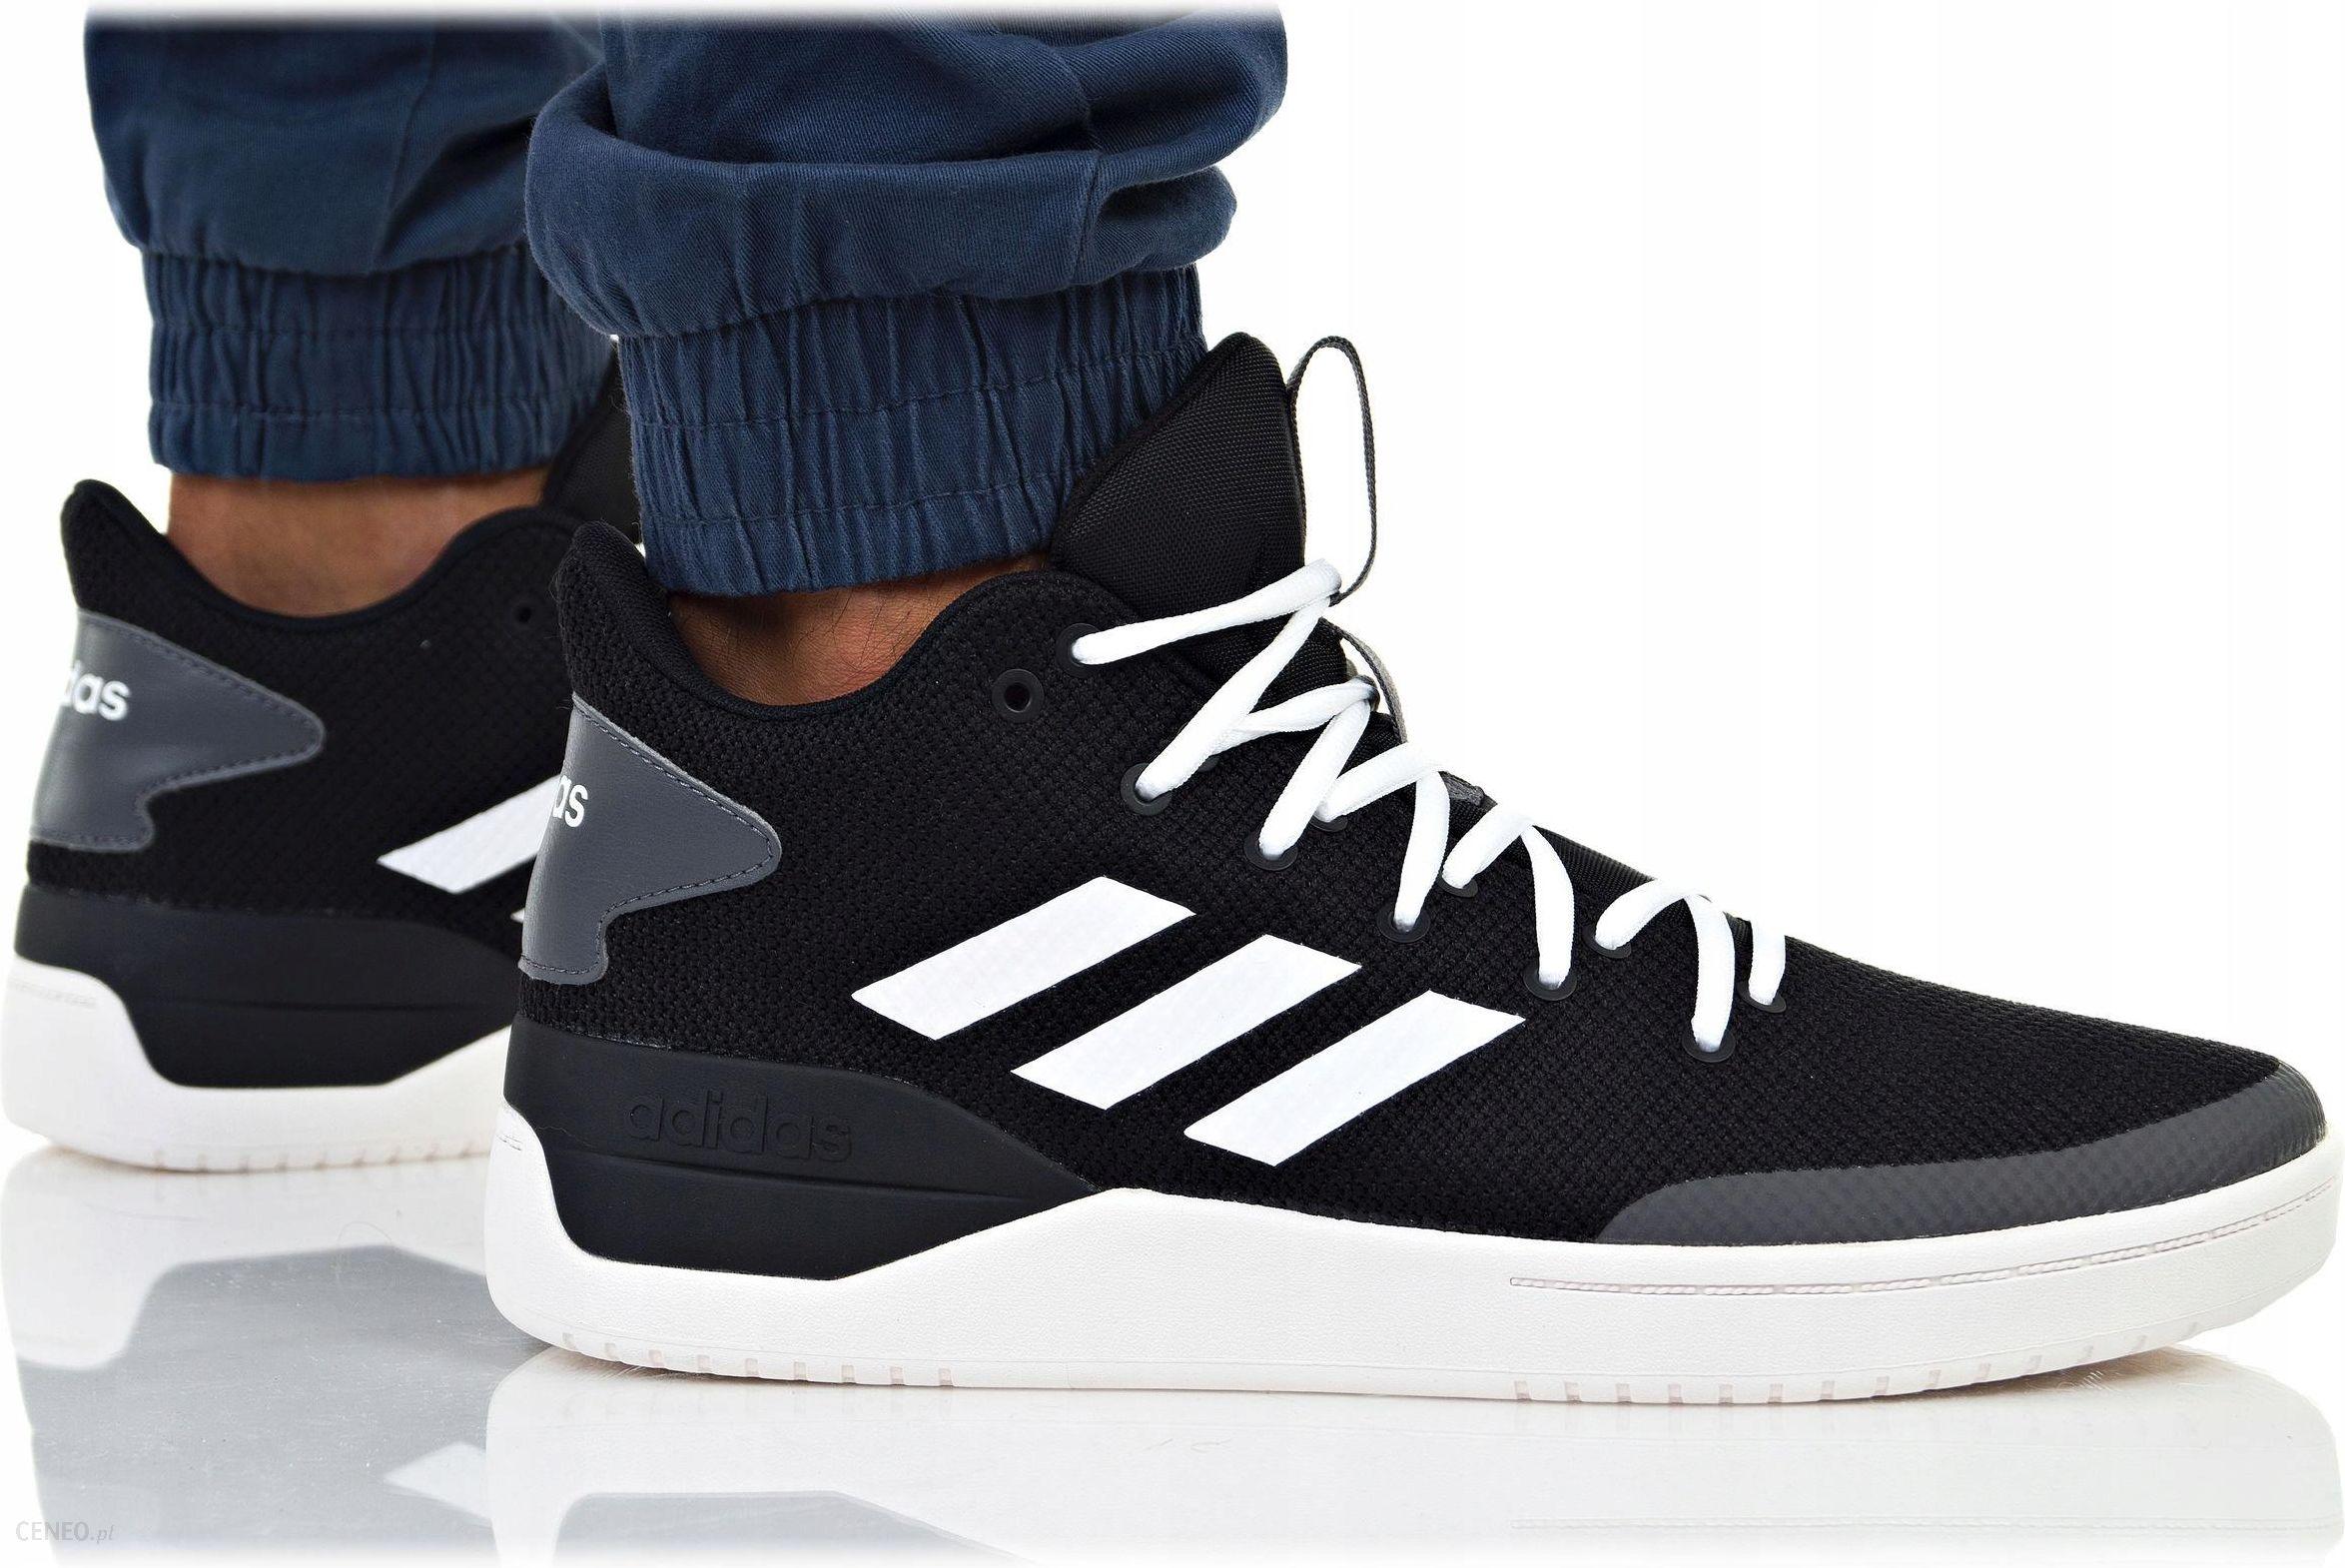 Buty damskie Adidas Galaxy B44164 Do Biegania Hit!
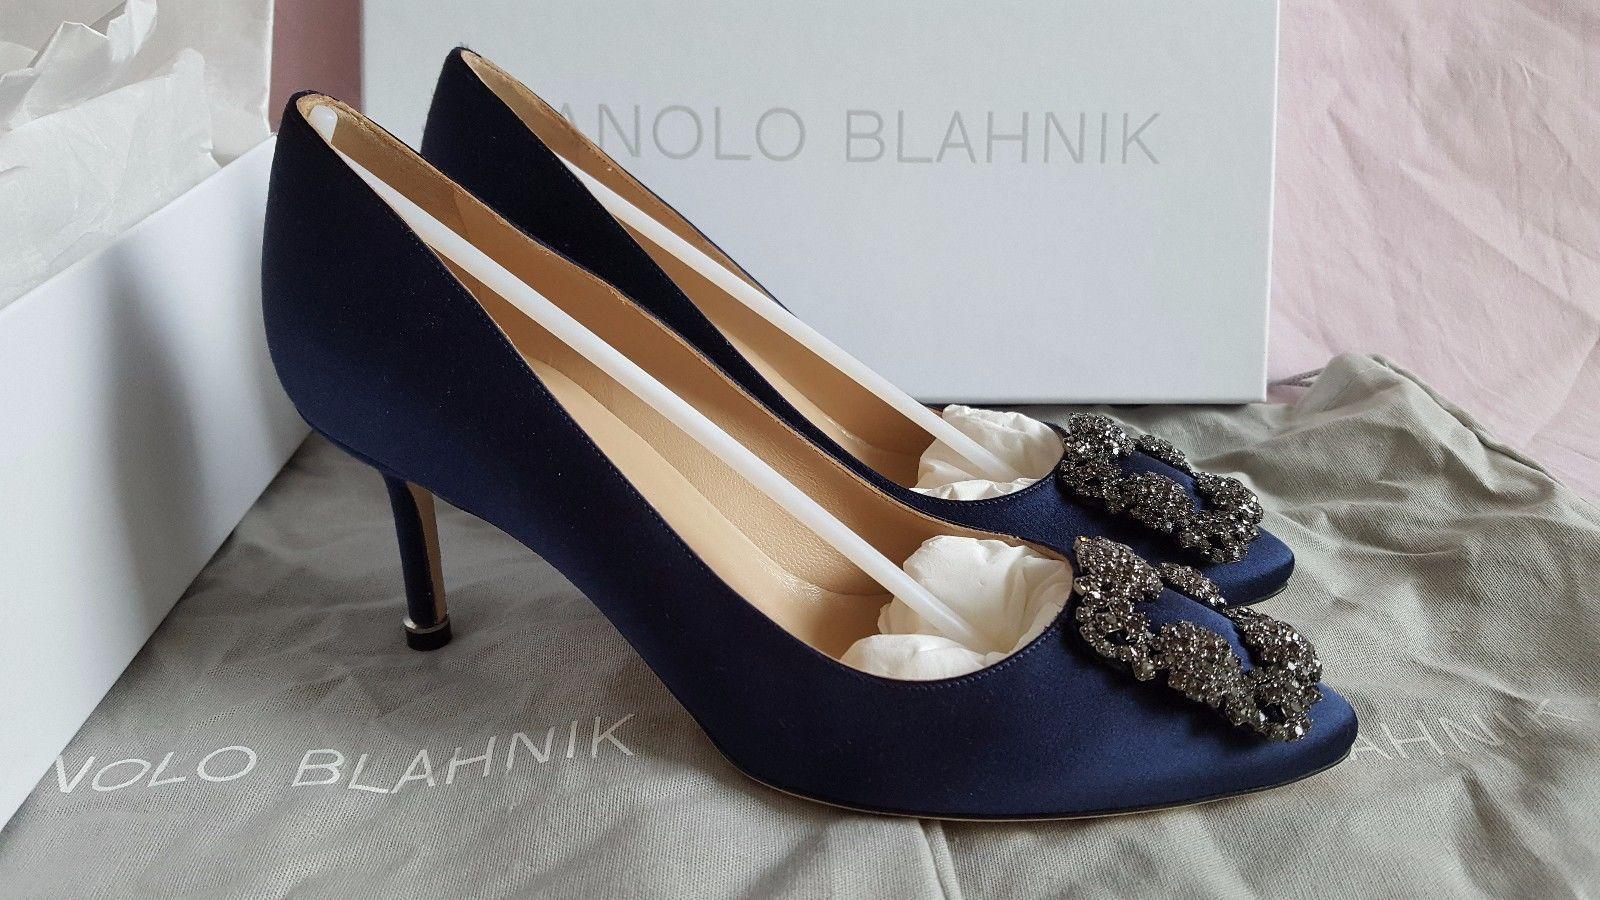 664bce174a7 New Authentic Manolo Blahnik Hangisi 70 Navy Blue Satin Shoes Heels Pump FMC
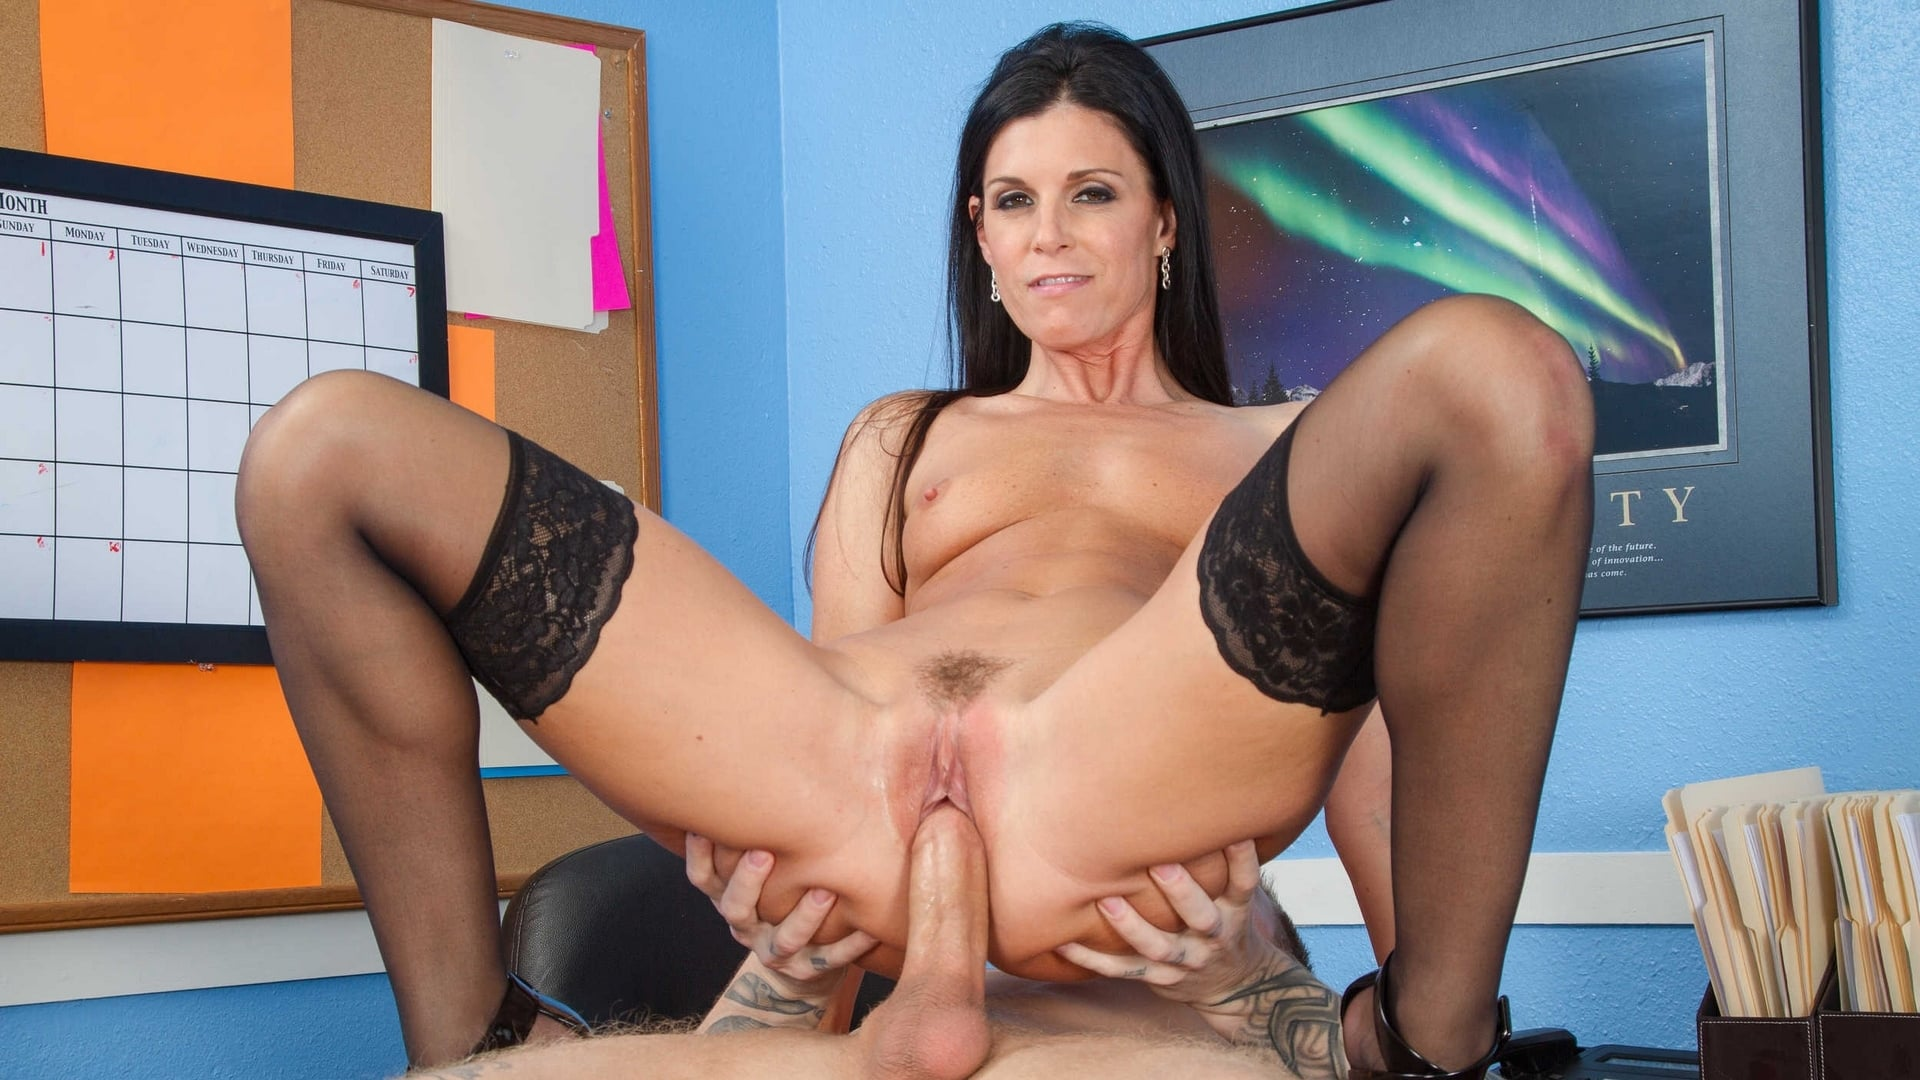 Summer brielle in my first sex teacher

To do:
Could you print the material above word for word and skip the images?

Solution for this exercise:
 Buty damskie Adidas Galaxy B44164 Do Biegania Hit!
 664bce174a7 New Authentic Manolo Blahnik Hangisi 70 Navy Blue Satin Shoes Heels Pump FMC
 Summer brielle in my first sex teacher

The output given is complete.